A union representing employees of a major high street bank has announced plans to take legal action in order to force the scheme to equalise benefits as between men and women for the effects of guaranteed minimum pensions (GMPs).
Since the decision in the Barber case on 17 May 1990 it has been clear that pensions are deferred pay and therefore it is necessary to provide equal benefits for men and women. This "equal treatment rule" is reflected in UK legislation.
Schemes which were contracted out of the state earnings related pension scheme on a final salary basis between 6 April 1978 and 6 April 1997 have GMPs which are calculated in accordance with UK legislation. The benefits under the schemes will therefore include GMPs and "excess". GMPs are unequal as between men and women partly because of the way that they are calculated, and partly because the payment age for GMPs is still 60 for women and 65 for men. The difference in benefits payable to men and women with the same membership details will vary over time because GMPs and "excess" increase at different rates both in payment and in deferment. Most schemes have not sought to equalise for the effects of GMPs because there are some arguments that it is not necessary and it is not at all clear how equalising for the effects of GMPs should be achieved. The Government issued a consultation relating to a change to equality legislation to deal with equalisation of GMPs, and a proposed methodology for achieving equalisation. No doubt largely because of the complexity of the issues, nothing substantive has yet resulted from that consultation.
It is not clear whether this step will clarify the requirement to equalise GMPs and the way that should be achieved.

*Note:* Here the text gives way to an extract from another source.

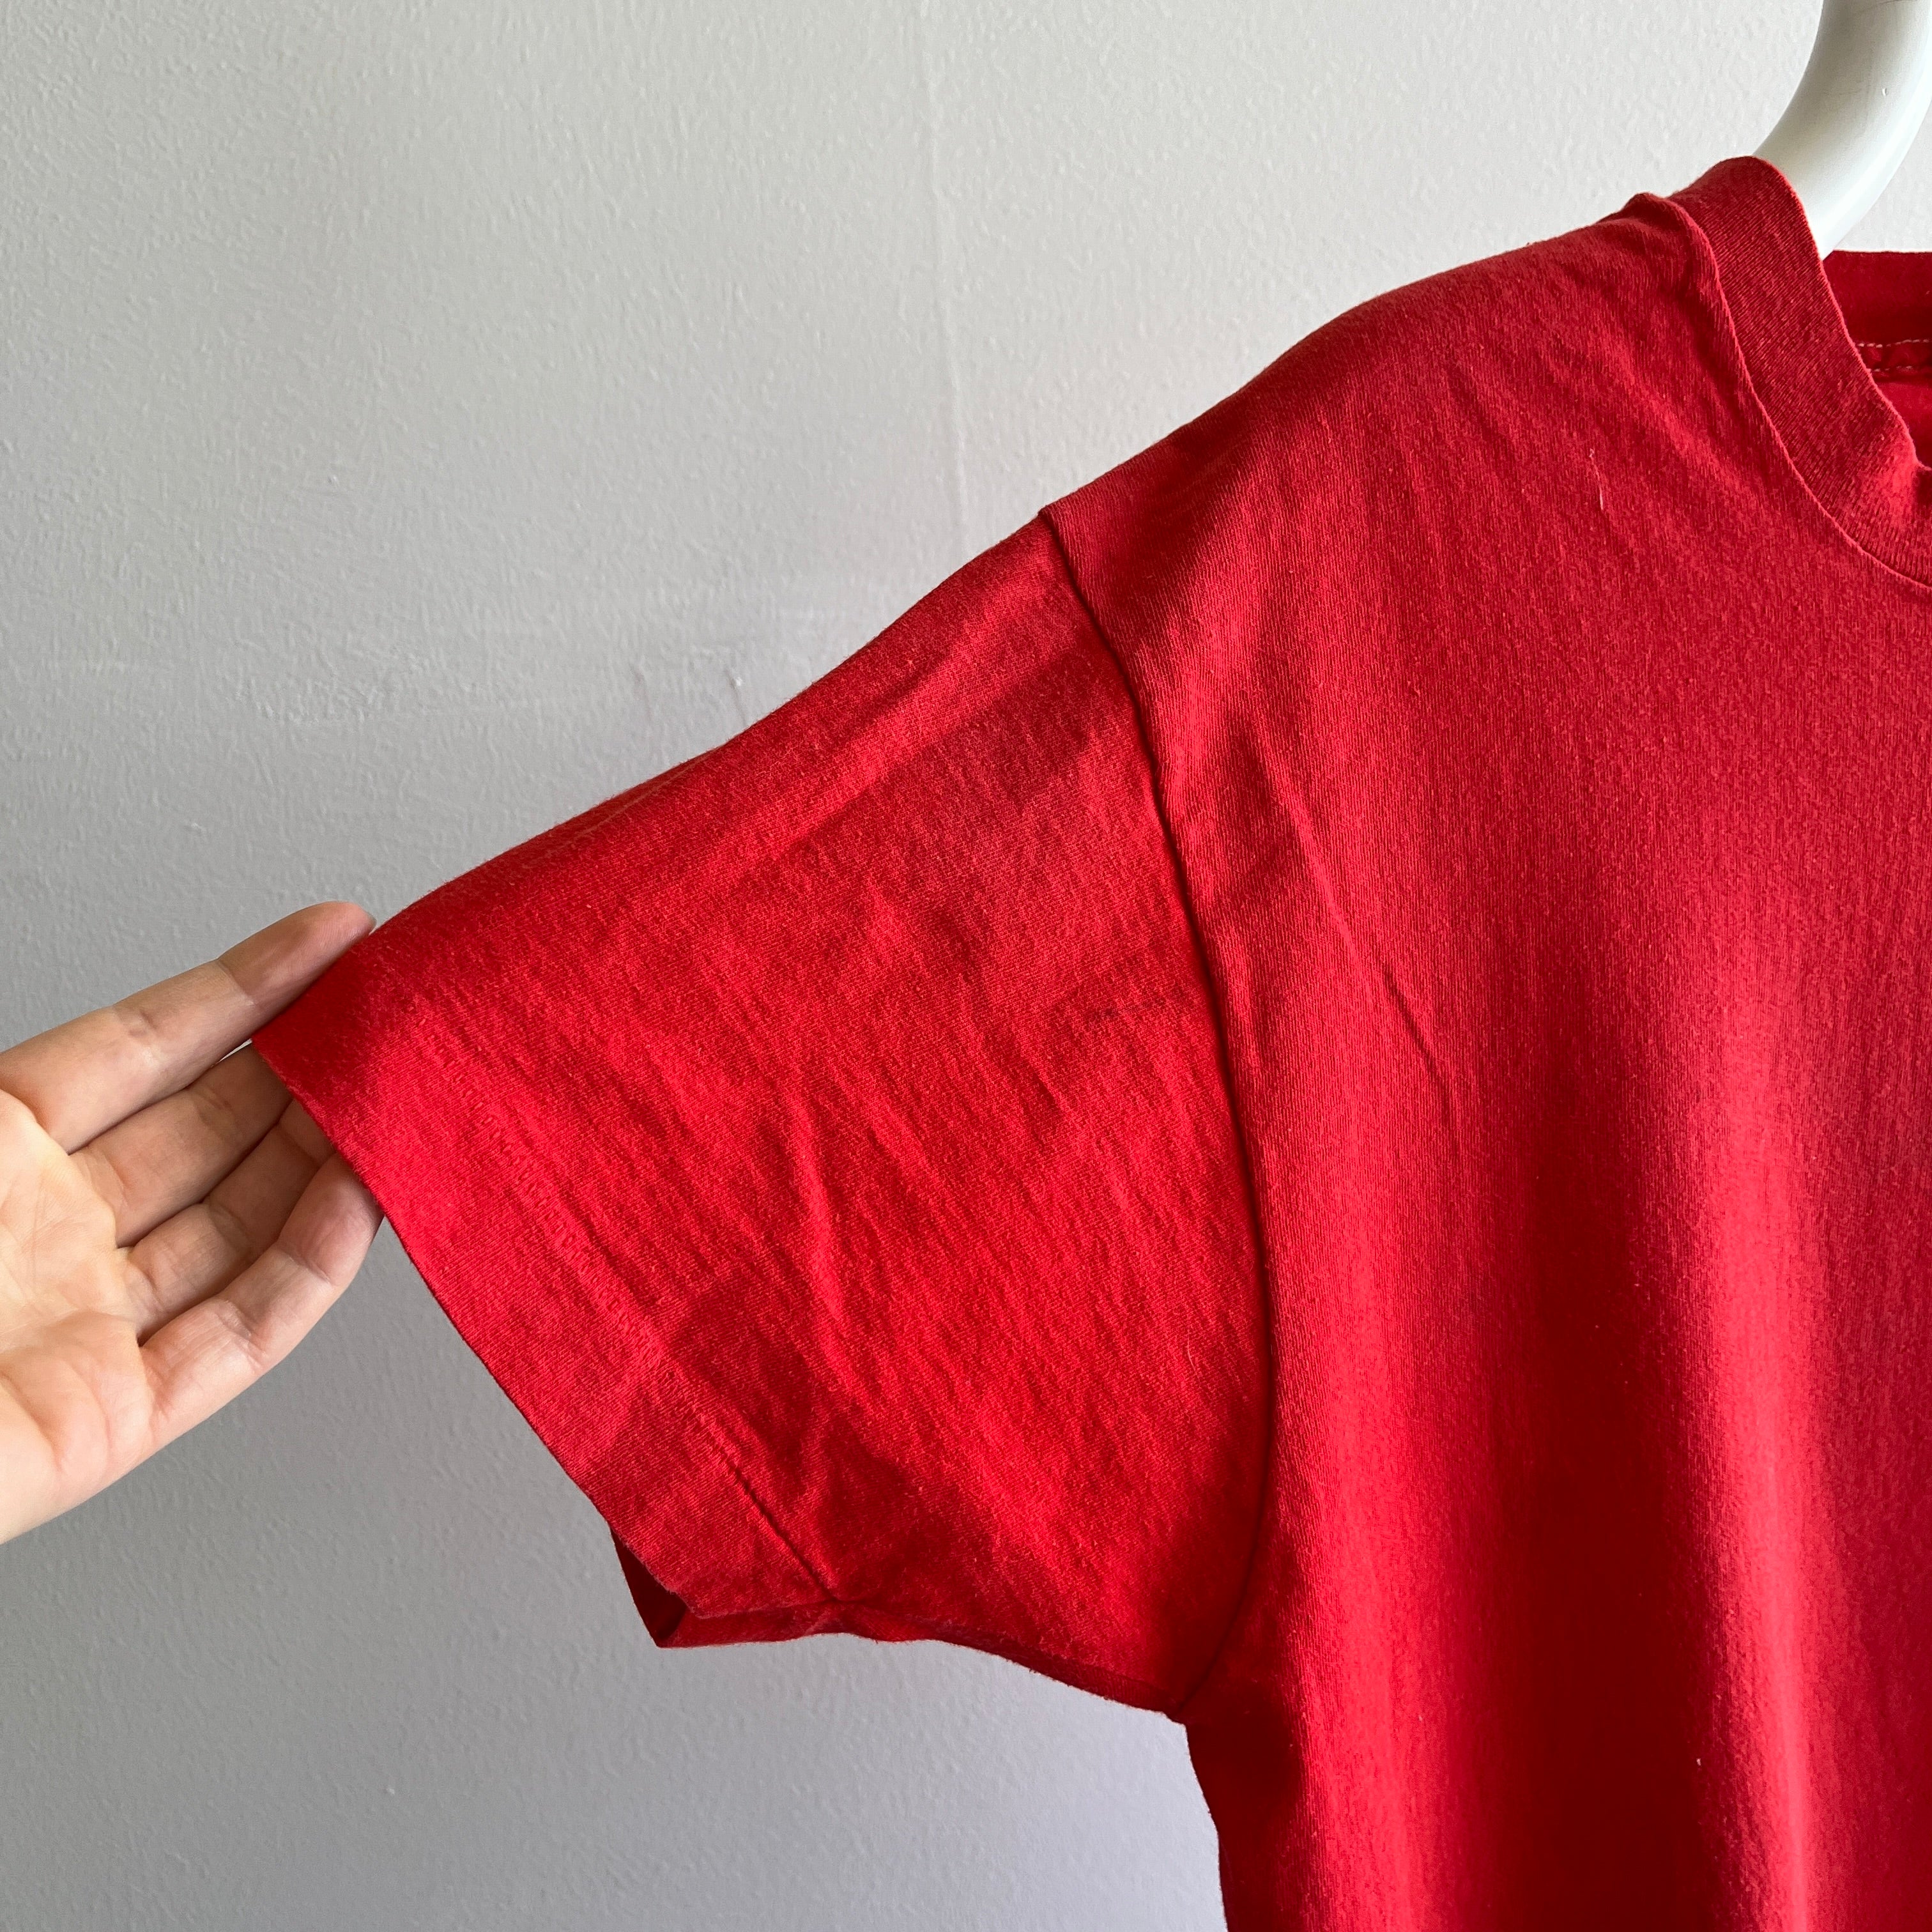 T-shirt de poche rouge vierge FOTL des années 1980 avec coutures de poche blanches contrastées - ce sont les petites choses !

It seems unlikely for a number of reasons:
As the requirement to equalise GMPs stems from EU law, there has been speculation that following exit from the EU the Government might abandon any requirement to equalise GMPs.
It appears that the union intends to bring the claims in an Employment Tribunal initially. In view of the complexities involved it is difficult to see how an Employment Tribunal could produce a decision which is sufficiently clear for other schemes to feel obliged to respond to it. A decision by an Employment Tribunal does not set a legally binding precedent. In order for there to be a precedent an Employment Tribunal decision would need to be appealed or a different case brought to a higher court.